- Born: Elizabeth Anne Brown 15 November 1956 Auckland, New Zealand
- Died: 17 November 2013 (aged 57) Tahmoor, New South Wales, Australia
- Education: University of Auckland
- Relatives: John Brown (father)
- Scientific career
- Fields: Bryology, systematics
- Thesis: Studies in the New Zealand Aneuraceae (1987)
- Doctoral advisor: John E. Braggins

= Elizabeth Brown (botanist) =

Australian botanist

Elizabeth Anne Brown (15 November 1956 – 17 November 2013) was a New Zealand-born Australian bryologist who primarily contributed to the systematics of liverworts.

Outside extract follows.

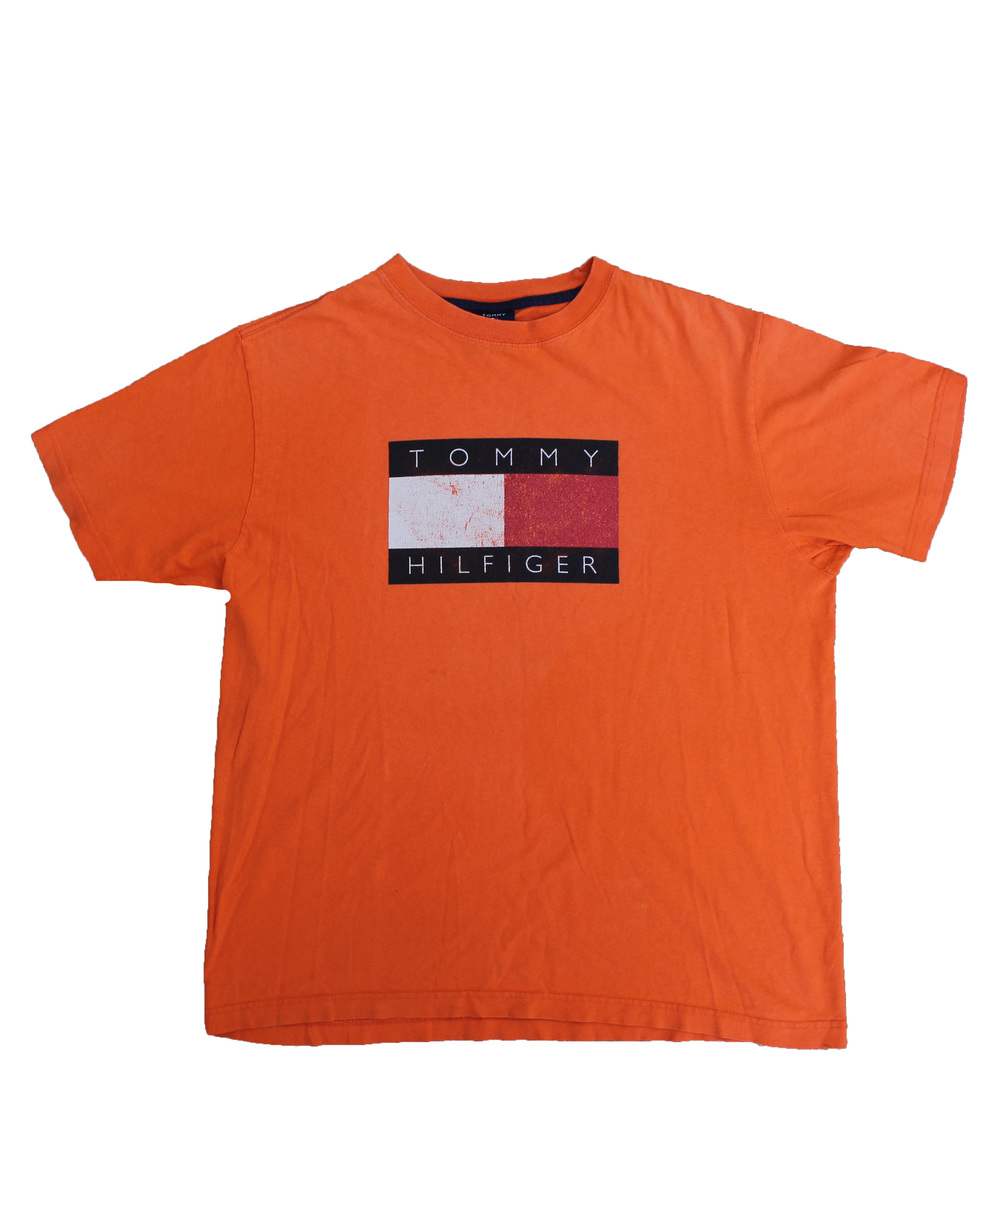 a7867e14 Vintage 90s Tommy Hilfiger orange logo t shirt.
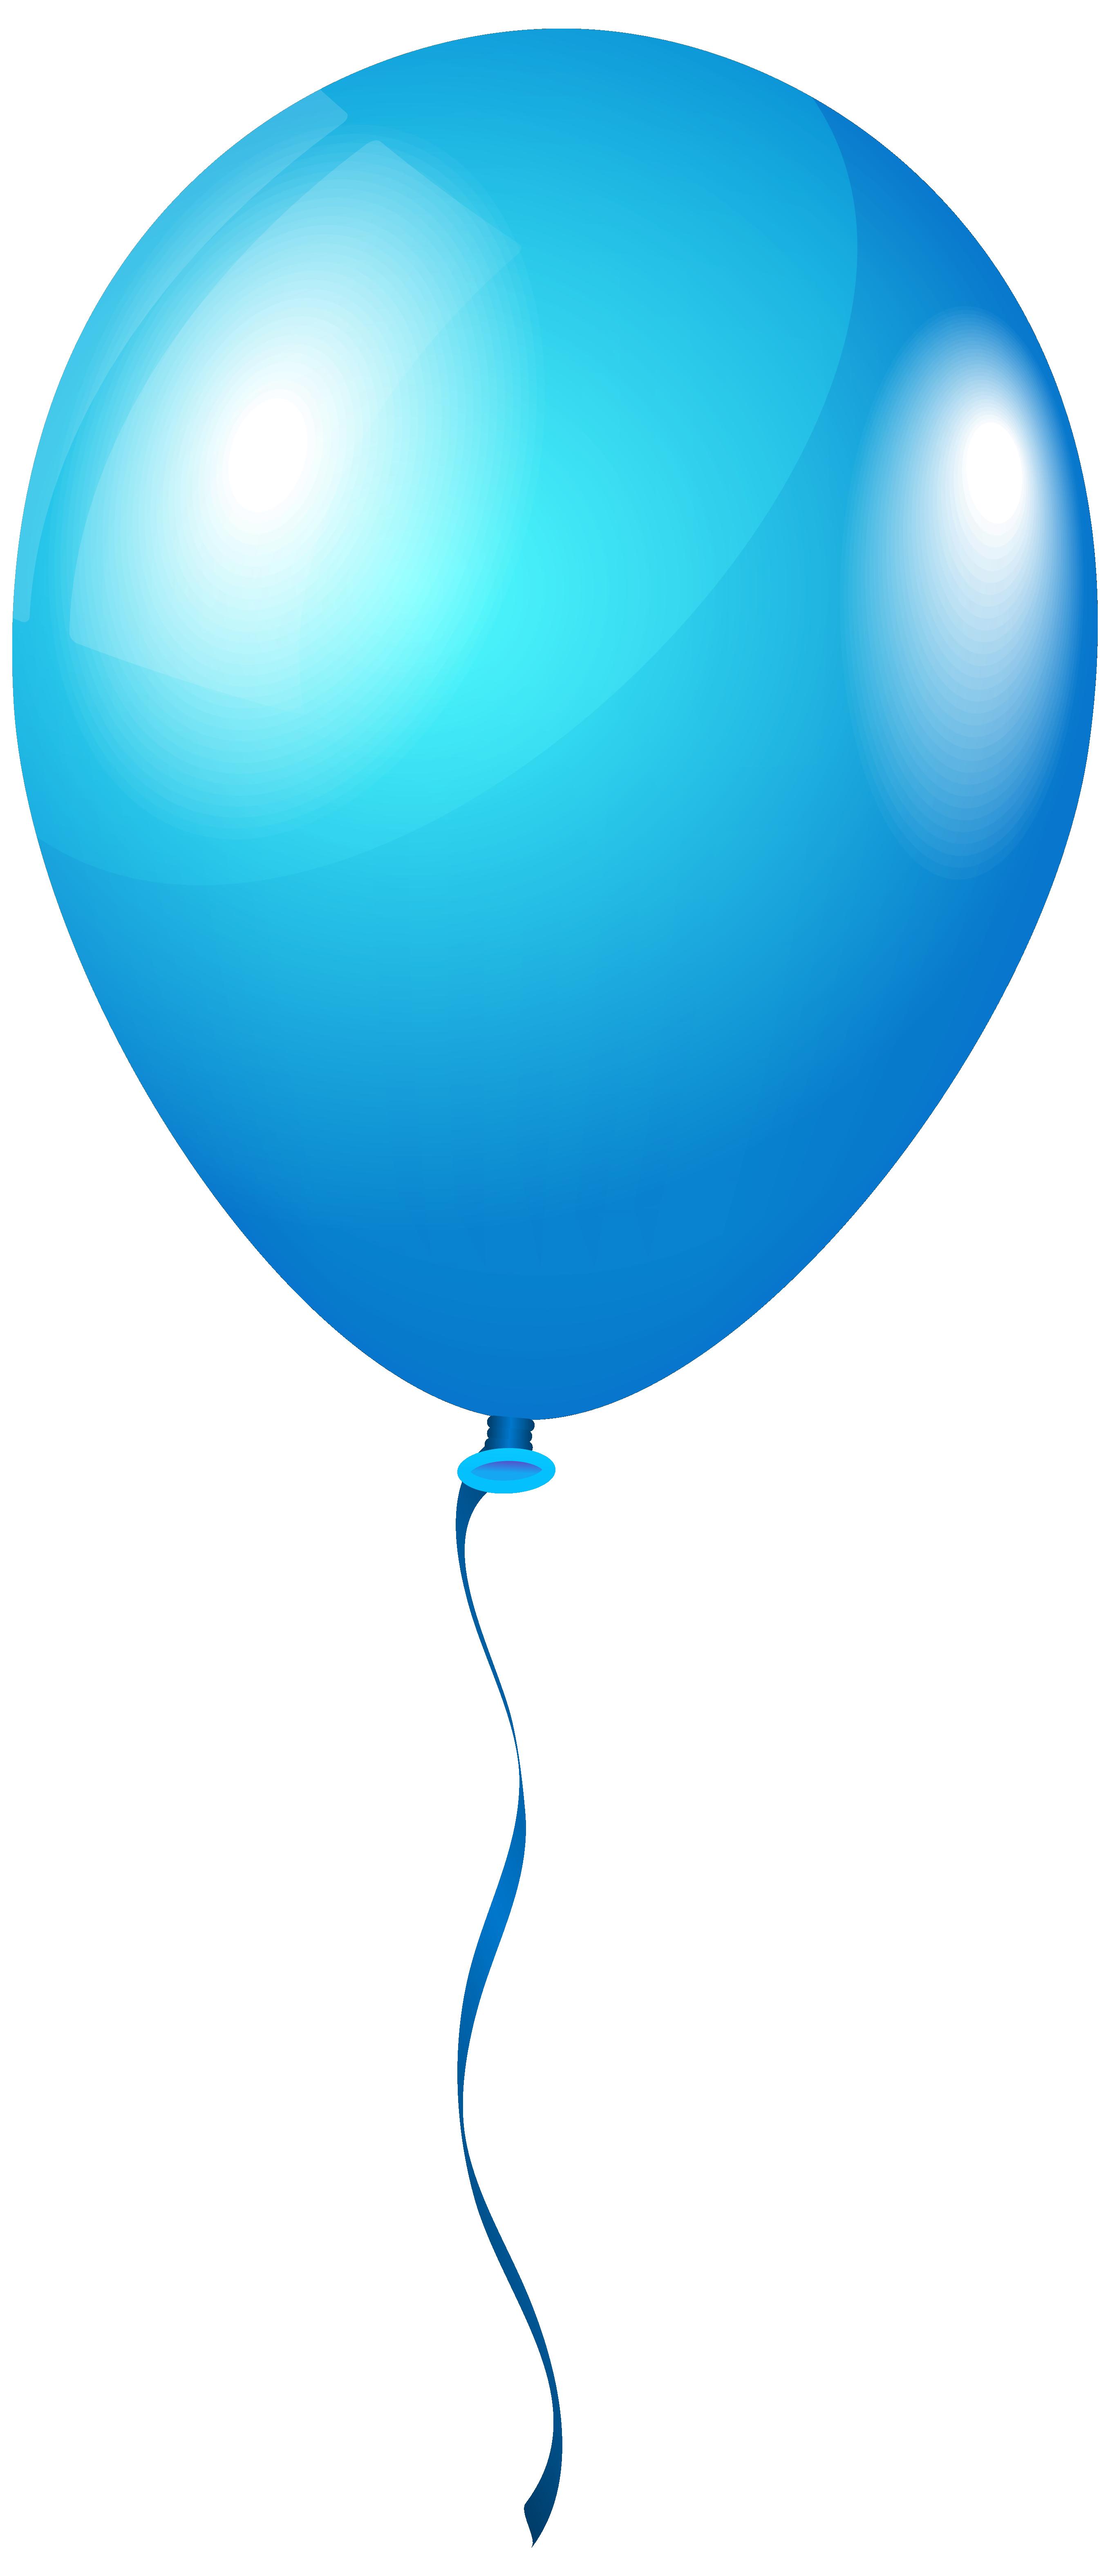 Clipart balloon teal. Single blueballoon png image

==Early life and education==
Brown was born in Auckland, New Zealand, on 15 November 1956. Her father, John Brown (1928–2005), was a lecturer of plant physiology at the University of Auckland and a Test cricket umpire. Her mother was Barbara Brown (1929–1998). After attending Epsom Girls' Grammar School, she went on to study at the University of Auckland between 1975 and 1987. Her Master's and doctoral research, under the supervision of Dr John E. Braggins, focused on the systematics of the liverwort genera Marchantia and Riccardia, respectively. The title of her 1987 doctoral thesis was Studies in the New Zealand Aneuraceae.

==Career and later life==
In 1989, Brown moved to New South Wales, Australia, to undertake a research fellowship at the National Herbarium of New South Wales. In 1993, she was appointed as a scientific officer, and later as systematic bryologist in 2000. Her appointment was supported by Helen P. Ramsay. Brown was also a lecturer at both the University of New England and the University of Sydney. Additionally, she was an editor for the plant systematics journal Telopea.

Brown described several species of plants, including those from the Dracophyllum, Lissanthe, and Riccardia genera.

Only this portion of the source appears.